Cedar Pass Campground is the most open campground that we have ever seen. It is right in the middle of the prairie with the buttes visible nearby, with a wind-sheltered picnic table at each site. Campfires are prohibited at this campground due to the threat of fires, but covered grills and camp stoves are allowed. There are no trees and this made some people on TripAdvisor complain about the lack of privacy, but we both loved it. But more on that later. At the moment, we put up our tent just in time to avoid a brief but heavy bout of rain. Afterwards, when the sun came out, we finished off dinner with the food that Atreyee's mom had packed for us, took a walk around the place, and settled down in the campground around sunset. I had driven for ten hours and wanted to rest. Besides, it was the night before full moon and I wanted to take photos of the moon rise over the buttes, and the campsite was the best place for this. After the moon came up, the moonlit prairie was almost bright as a day and even the inside of our tent was lit up.The night was uneventful and we slept soundly because we were not afraid of bears or any other animals like we are at other campgrounds. It was terribly windy though, and I was concerned that our tent might get damaged (it didn't).

Sunset near the campground

Moonrise over the prairie

Moonlit prairie
The next morning we cooked breakfast and lunch over our little charcoal grill and then started exploring. The best part of Badlands is that there isn't a terrible lot to see, and wherever you go, it's either just flat prairie, or prairie dotted with buttes. Still, there was this one road which snaked throughout the park and we were going to drive all over it. We wanted to see animals, of course, and the rangers told us we would need to drive over a dirt road for a few miles. We decided to risk it, even though I was driving my own old Honda Accord. In the end, we ended up seeing a coyote, a few lone bison and a group of bighorn sheep at the cost of covering our car in dust and ageing our tires a little.
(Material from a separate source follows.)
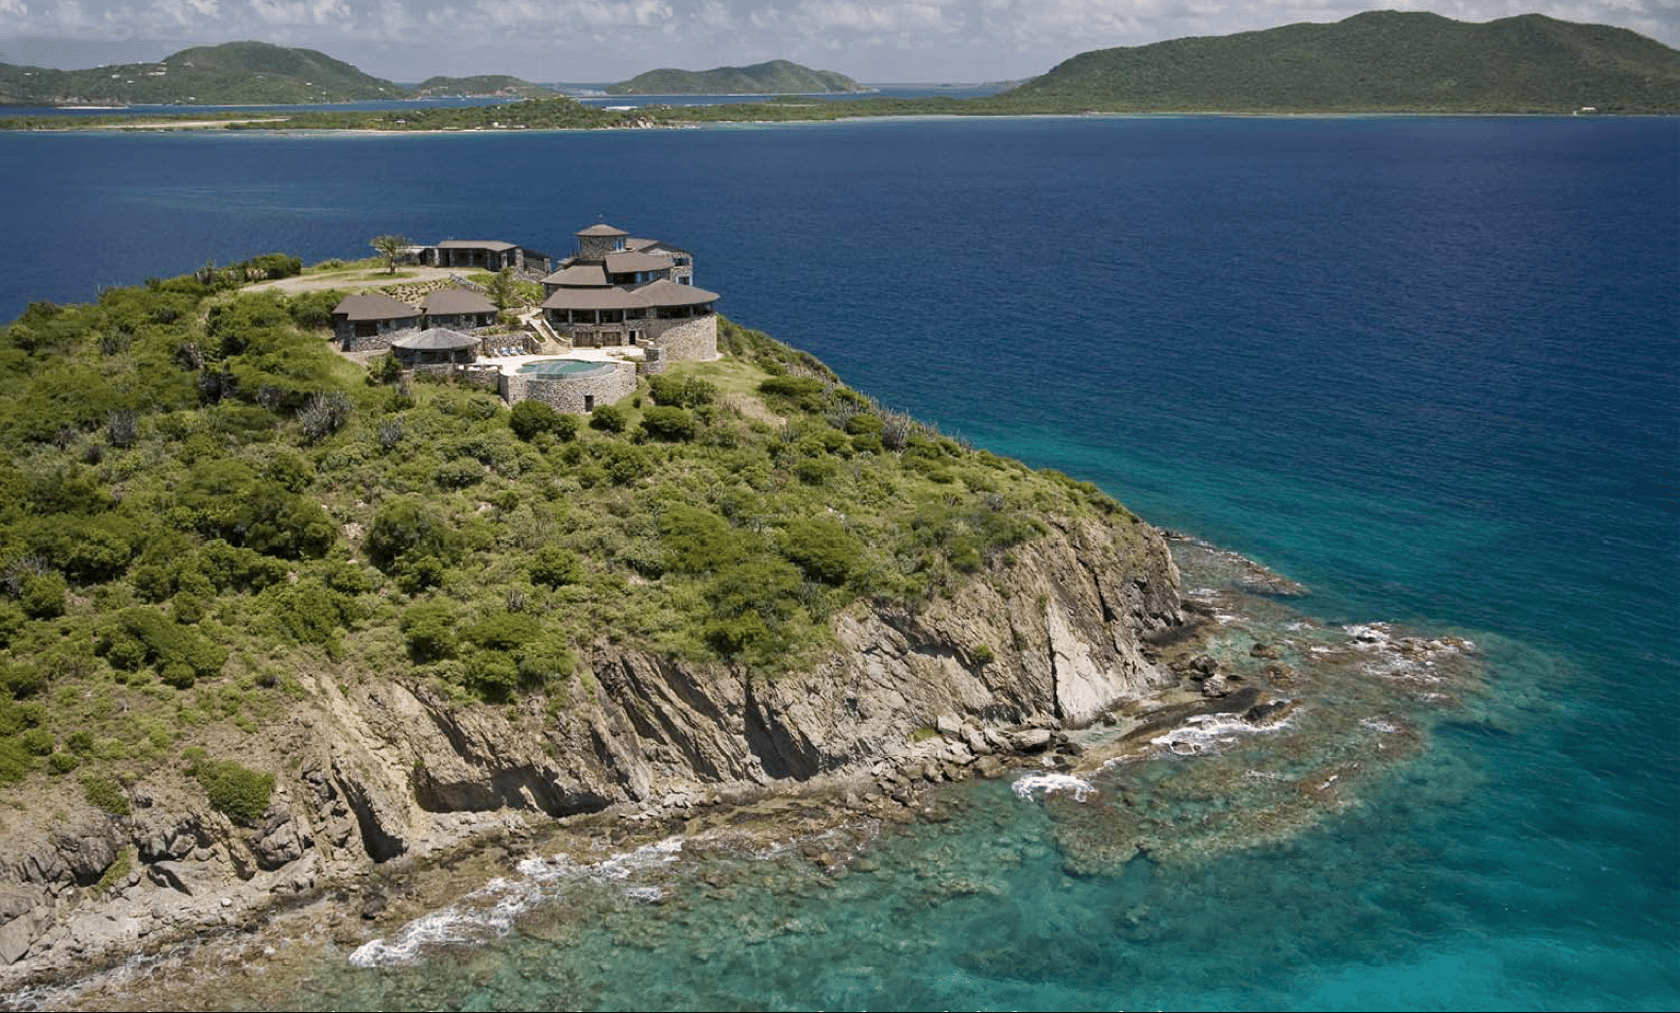 8 Private Islands for Sale: Buck Island, British Virgin Islands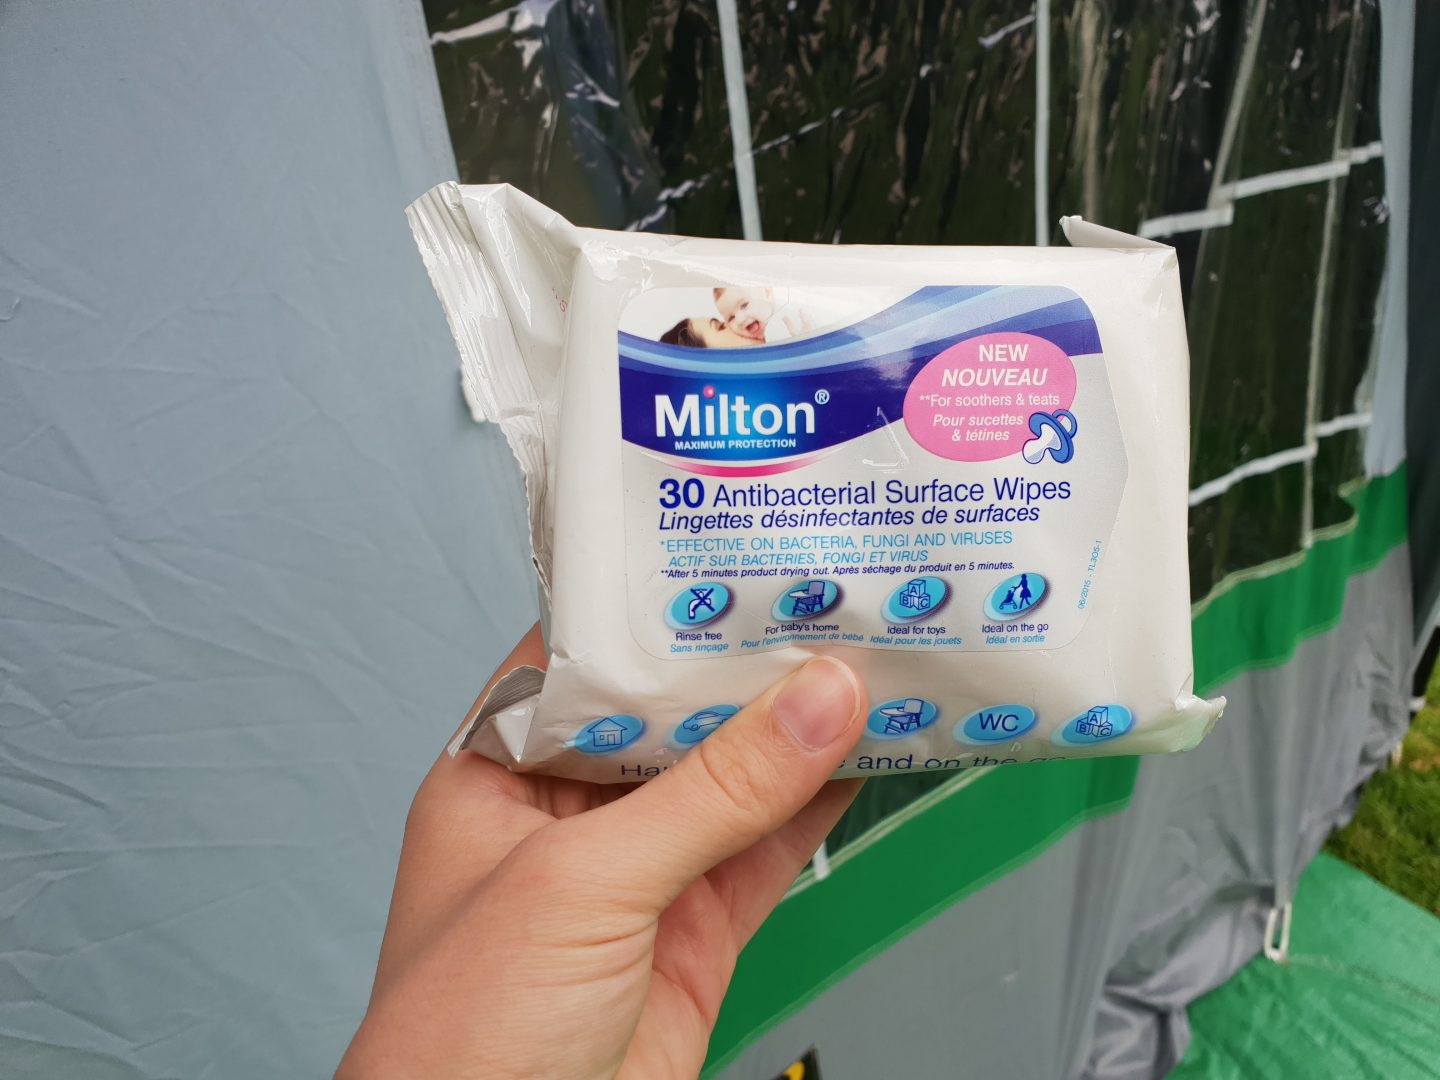 Milton anti-bacterial wipes

Prairie dogs, which are burrowing rodents, were everywhere. There were entire "towns" of these animals on the roadside. We had our lunch in the car at a viewpoint called Yellow Mounds. The name is pretty self explanatory. Then we came back to the tent.

Prairie dog town

Lonely bison on the prairie

Bighorn ram by the road

The campground had coin-operated showers and we were glad to be able to use them after our morning in the hot prairie. Then we explored the buttes nearby a little more. Badlands has the largest collection of fossils of any park in the world, and people are encouraged to look for fossils and report anything they find. We also looked for fossils, but in vain. Eventually, we gave up and went to have dinner at the restaurant next to the campground. Our dinner of pasta was too much for the two of us and we packed what we couldn't eat. Then, as the sun went down below the horizon, we gathered at the amphitheatre nearby to attend a ranger talk.

The ranger talk was nice, as ranger talks are. The ranger, an avid photographer himself, showed us photos of Badlands and the other national parks that he had visited. As an added benefit, we saw the International Space Station pass across the sky as the talk came to an end. Then the full moon poked its head over the buttes and we walked over the moonlit prairie to our campsite, listening to howls of coyotes in the distance. The coyotes were still howling when we went to bed, but we knew they were too far away to harm us. Coyotes hardly ever attack humans anyway. The horizon-to-horizon view of the sky was the thing that we liked most about this campground. We didn't see the Milky Way this time due to the moon, but we decided we wanted to come back some time around a new moon night to photograph the night sky.

The next morning, we were out on the road again soon after sunrise. Our next destination was Devil's Tower National Monument, and then we would drive to Yellowstone National Park. Overall, we were going to be on the road for over ten hours again. So we finished off the leftover pasta from the night before and started early.